The results of the present study counteract the findings of many others 17,25,28 with regard to the possible association between vitamin D status and LDL levels, as our results showed no significant association between vitamin D and LDL. The highest LDL level was in the insufficient group and the lowest amount was in the sufficient group, but no significant differences were observed. Karhapaa et al. 25, who included in their study 909 healthy males between 45-70 years of age, found an inverse association between 25-hydroxyvitamin D and LDL, alongside with a lack of association between 1,25-hydroxyvitamin D and LDL.

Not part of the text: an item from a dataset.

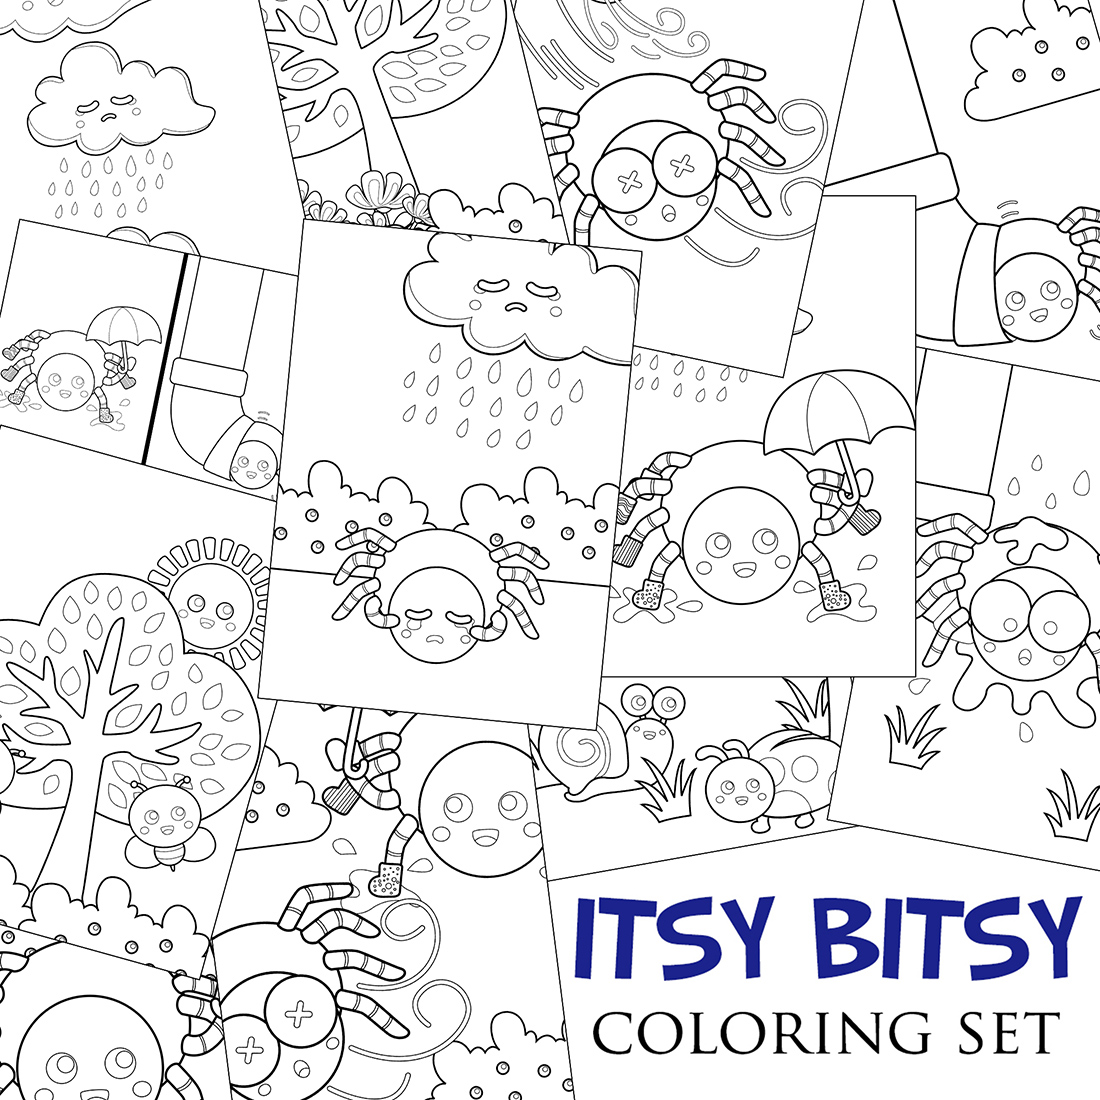 Itsy Bitsy Spider Kids Bedtime Story Classic Rhymes Coloring Pages Activity For Kids And Adult cover image.

In different studies, a positive relationship between TSH and lipid profiles has been discussed and it has been stated that such relation can predispose subjects to develop different types of diseases that are mediated by obesity. The positive correlation between weight gain and a progressive increase in serum TSH and elevated TSH levels in obesity over a 5-year period has been reported 24. Our study confirms the results of previous studies, which showed a positive inverse relationship between vitamin D and thyroid hormones, because vitamin D deficiency and lower serum levels of 1, 25-hydroxy vitamin D were accompanied by higher levels of T3 and T4, with a significant difference for T4. This study, unlike that of Barchetta 20, which pointed out a central action for the active form of vitamin D on TSH secretion, showed no significant association between vitamin D and TSH.

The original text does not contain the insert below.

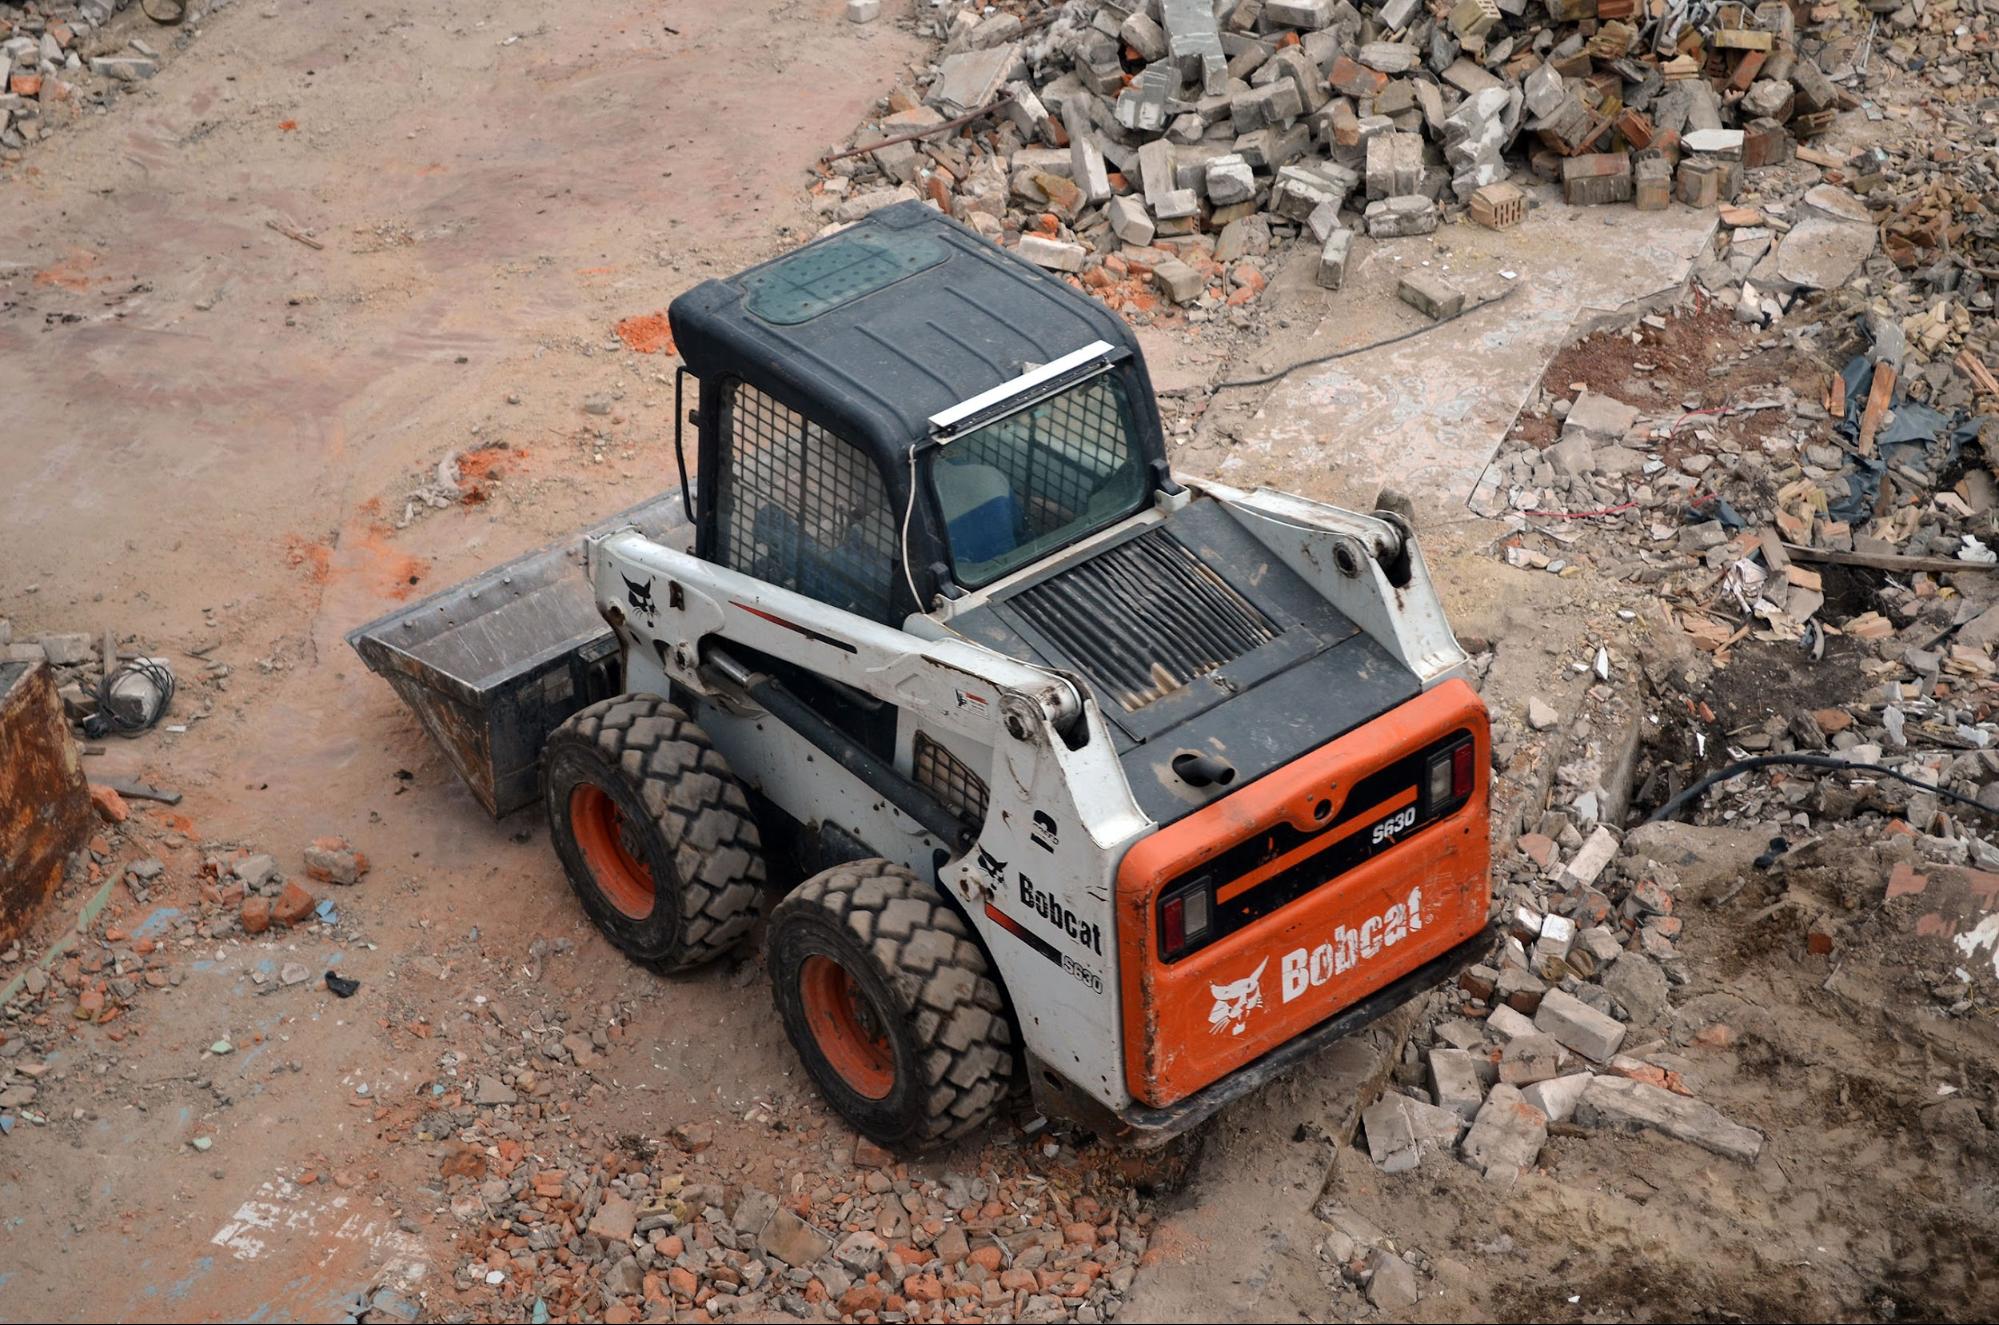 A white bobcat loader in a construction site

There were some limitations in our study. First, the cross-sectional design of the study. Second, no data about the dietary intake levels of participants has been gathered. Third, all participants were subjects with a sedentary lifestyle and there were no comparable groups with other levels of physical activity.
CONCLUSION
Our results showed improvements in lipid profile fractions and thyroid hormones secretion, such as a decrease in the levels of TG, T3, and T4, and increments in HDL with favorable serum vitamin D status. The detection of causal relations needs the design of a well-controlled intervention or cohort studies to provide benchmark evidence. The biochemical and physiological mechanisms, as well as molecular and genetic pathways for verification, will be as well an area for further research.